By HospiMedica International staff writers
Posted on 24 Oct 2013
A new study suggests that using peanut butter to test for smell sensitivity might be a way to confirm a diagnosis of early-stage Alzheimer’s disease (AD).

Researchers at the University of Florida (UF; Gainesville, USA) conducted a retrospective, case-control study involving 94 participants to assess a quick olfactory test to aid diagnose of AD. More...
Participants with probable AD (18 subjects), mild cognitive impairment (MCI, 24 subjects), other causes of dementia (OD, 26 subjects) and matched controls (26 subjects) were tested, with closed eyes, for their ability to detect peanut butter, held at the bottom of a 30 cm ruler and moved up one cm at a time during the participants' exhale.
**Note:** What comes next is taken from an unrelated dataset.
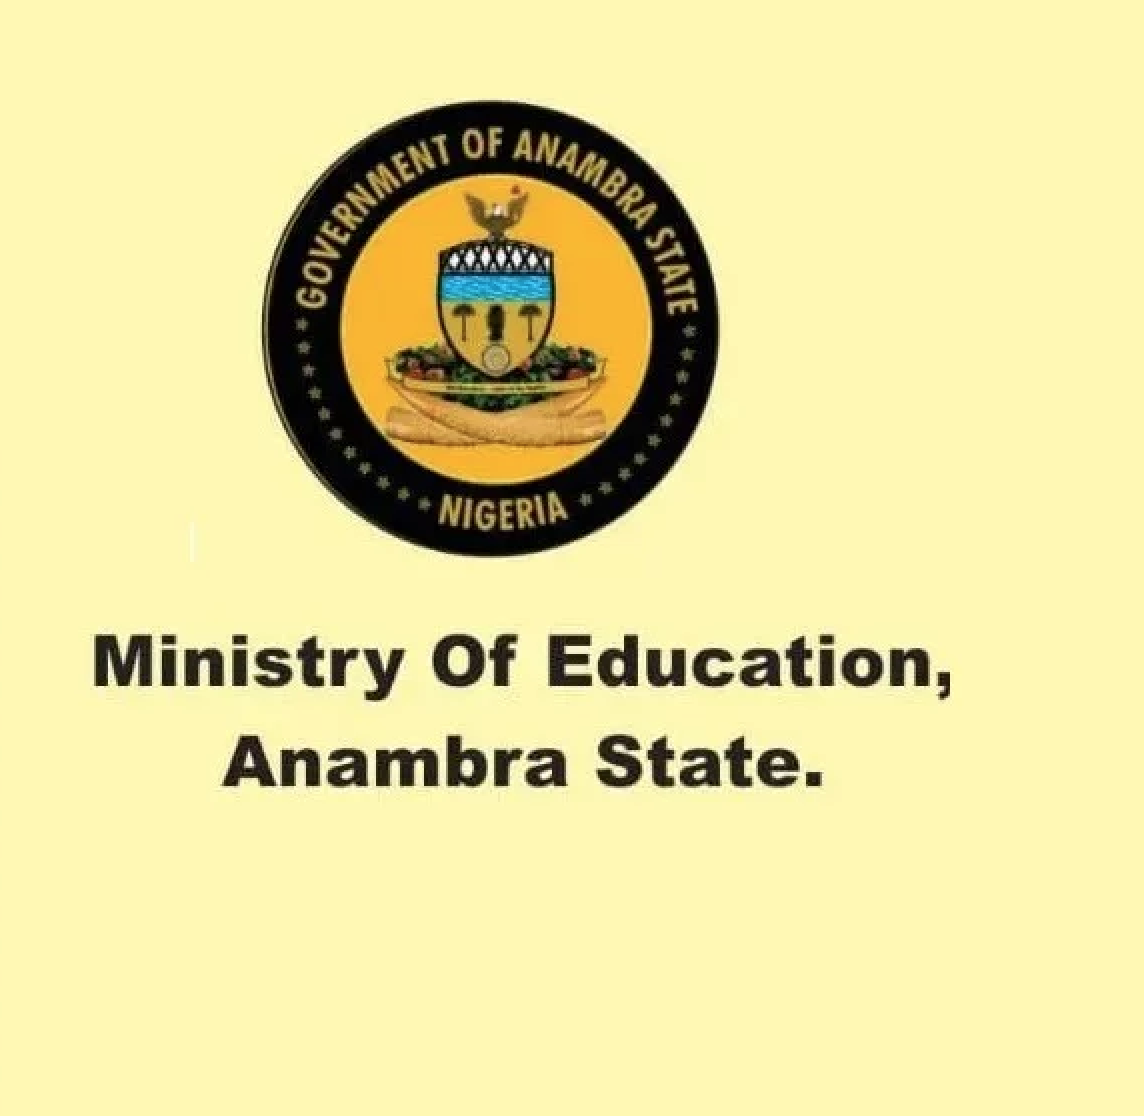 [GIST] How Anambra State Education Ministry Violated Rules, Freed 68-year-old, 140 Others Caught In Recruitment Examination Fraud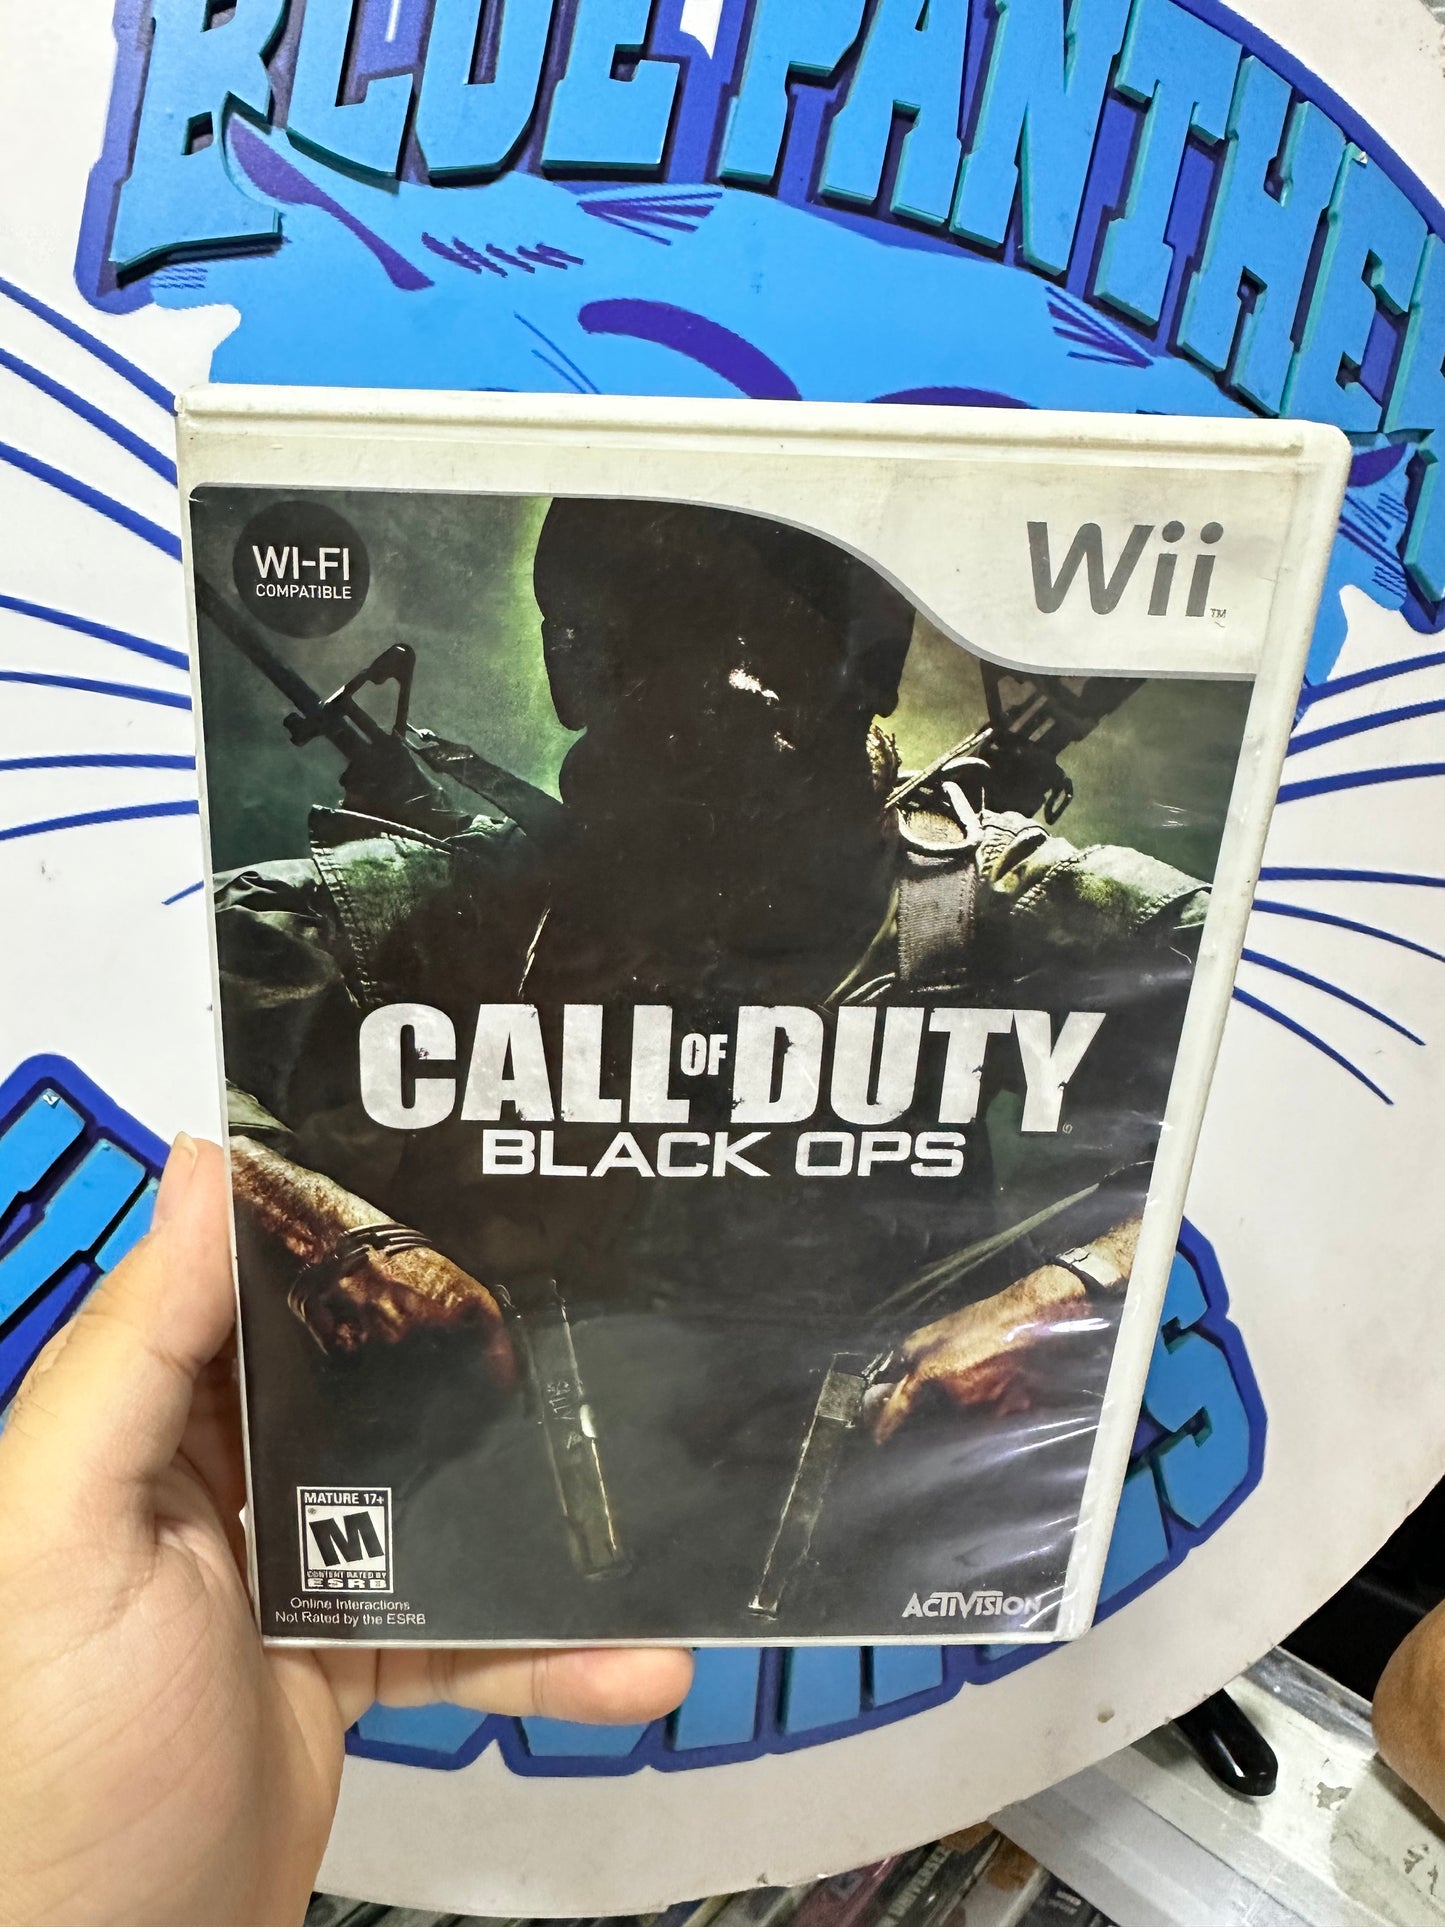 Call of duty Black Ops-Nintendo wii

Upon odor detection, the distance between the subject's nostril and the peanut butter container was measured.

The results showed a dramatic difference in the mean odor detection difference (in centimeters) between the left and right nostrils of patients in the early stages of AD. The left nostril was impaired and did not detect the smell until it was 12 centimeters closer to the nose than the right nostril. For the other groups, the difference between the left and right nostrils was much smaller; − 1.9 for MCI; +4.8 for OD; and no difference for the matched controls. The study was published in the October 15, 2013, issue of the Journal of the Neurological Sciences.

“At the moment, we can use this test to confirm diagnosis; but we plan to study patients with mild cognitive impairment to see if this test might be used to predict which patients are going to get Alzheimer’s disease,” concluded lead author graduate student Jennifer Stamps, BSc, of the UF McKnight Brain Institute Center for Smell and Taste. “The test could be used by clinics that don’t have access to the personnel or equipment to run other, more elaborate tests required for a specific diagnosis, which can lead to targeted treatment.”

One of the first places in the brain to degenerate in people with AD is the front part of the temporal lobe that evolved from the smell system, which is also the portion of the brain is involved in forming new memories.